This is significant because polls have repeatedly shown that, if you ask people if they would prefer no deal to a bad deal, they will back no deal by a large margin. (See here and here, for example.) This is a boost for Theresa May because “no deal is better than a bad deal” is her mantra and there is some evidence that the government is beefing up preparations for the possibility of a no deal.

The pro-Brexit Tory MP John Redwood claimed at the weekend that recent comments from Angela Merkel show that EU leaders are “very worried at just how popular the WTO model [ie, leaving with no deal] is with many UK voters”.
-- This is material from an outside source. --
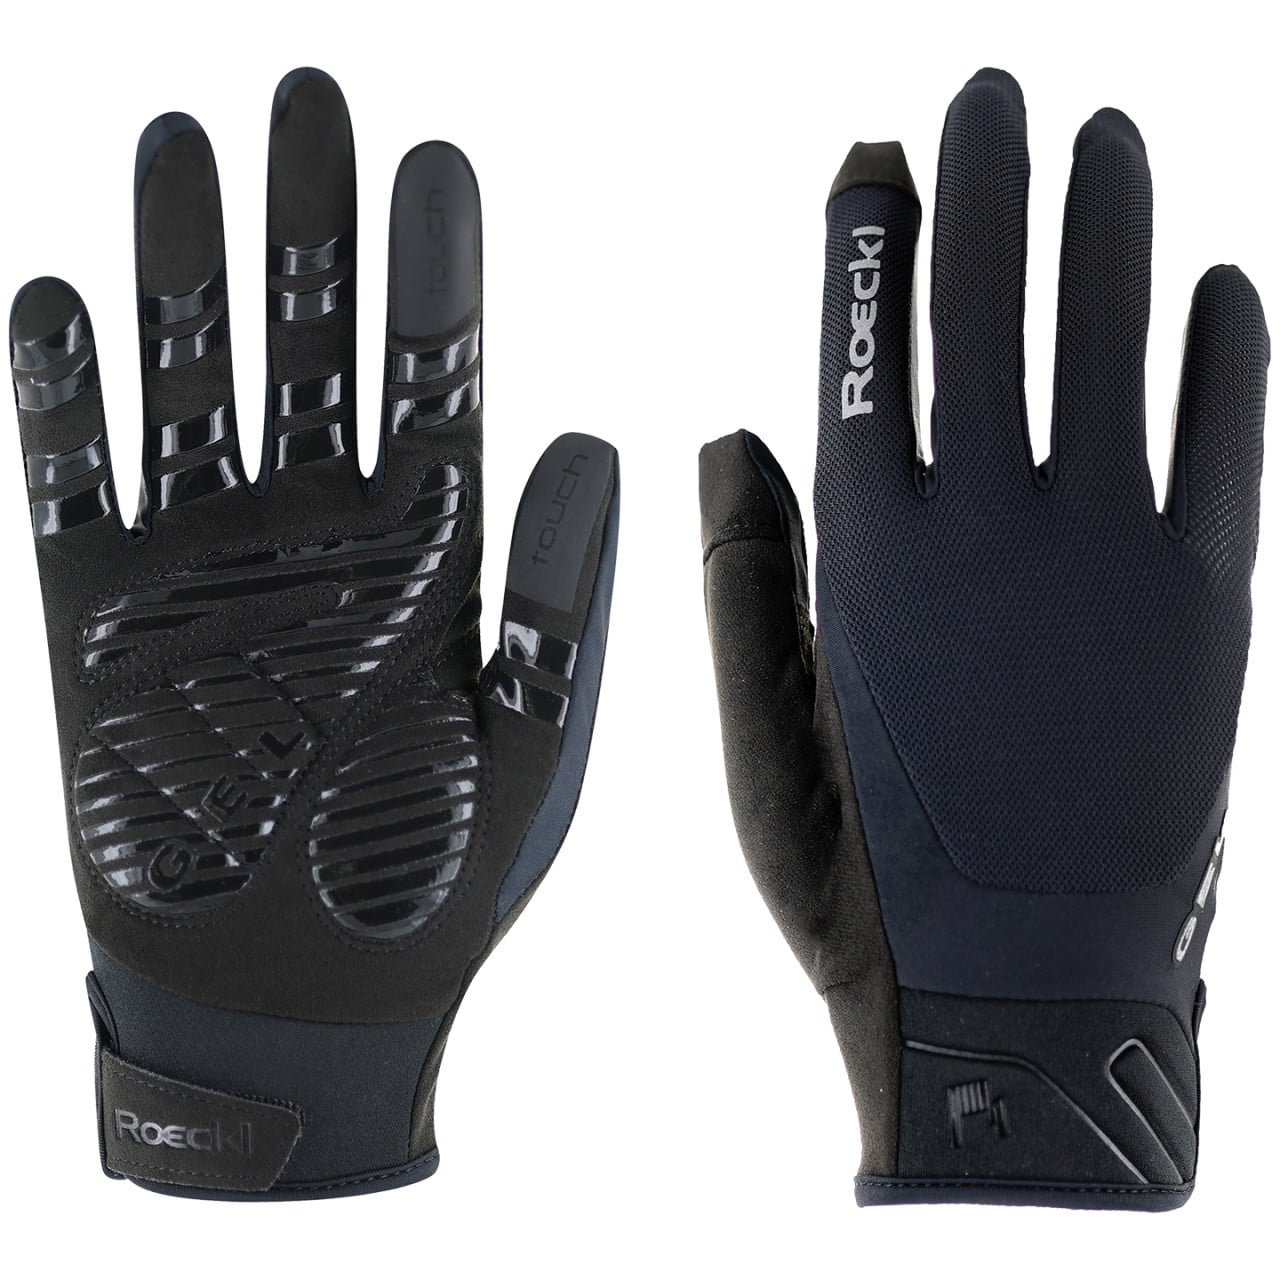 Mori 2 Full Finger Gloves

But our polling suggests Redwood has got this very wrong. We tried to assess how people would feel if the UK were to leave the EU without a deal. Respondents were asked to imagine the UK and the EU failing to reach agreement by Brexit day and to then pick two of the responses that would best describe their emotions. The results were:

Worried: 50%

Confused: 29%

Furious: 24%

Pleased: 14%

Would feel nothing: 13%

Terrified: 12%

Proud: 11%

Excited: 11%

Net negative (all those choosing at least 1 negative response): 62%

Net positive: 20%

  • Voters are becoming increasingly negative in how they think Brexit will affect their personal finances, the overall economy and life in Britain generally.

We have been asking people all year whether they think Brexit will have a positive or negative impact in these three areas. Here are the results for February, for July and for September. Taken as a whole, the latest results are more negative than they were in any of the previous surveys, although the decline in confidence is gradual, not dramatic.

Impact on the British economy

Positive: 30%

Negative: 46%

No difference: 13%

Net: -16 (down 6 from ICM in September)

Impact on your personal finances

Positive: 13%

Negative: 35%

No difference: 38%

Net: -22 (down 5)

Impact on life in Britain generally

Positive: 35%

Negative: 38%

No difference: 15%

Net: -3 (down 4)

  • Labour and Tories tied on 42%, lastest poll suggests.

We also polled on voting intention. The two main parties remained tied.

Labour: 42% (up 1 from Guardian/ICM two weeks ago)

Conservatives: 42% (up 1)

Lib Dems: 7% (no change)

Ukip: 3% (down 1)

Greens: 2% (no change)

  • Jeremy Corbyn has a clear lead over Theresa May on the matter of who is seen to be doing a good job, the poll suggests.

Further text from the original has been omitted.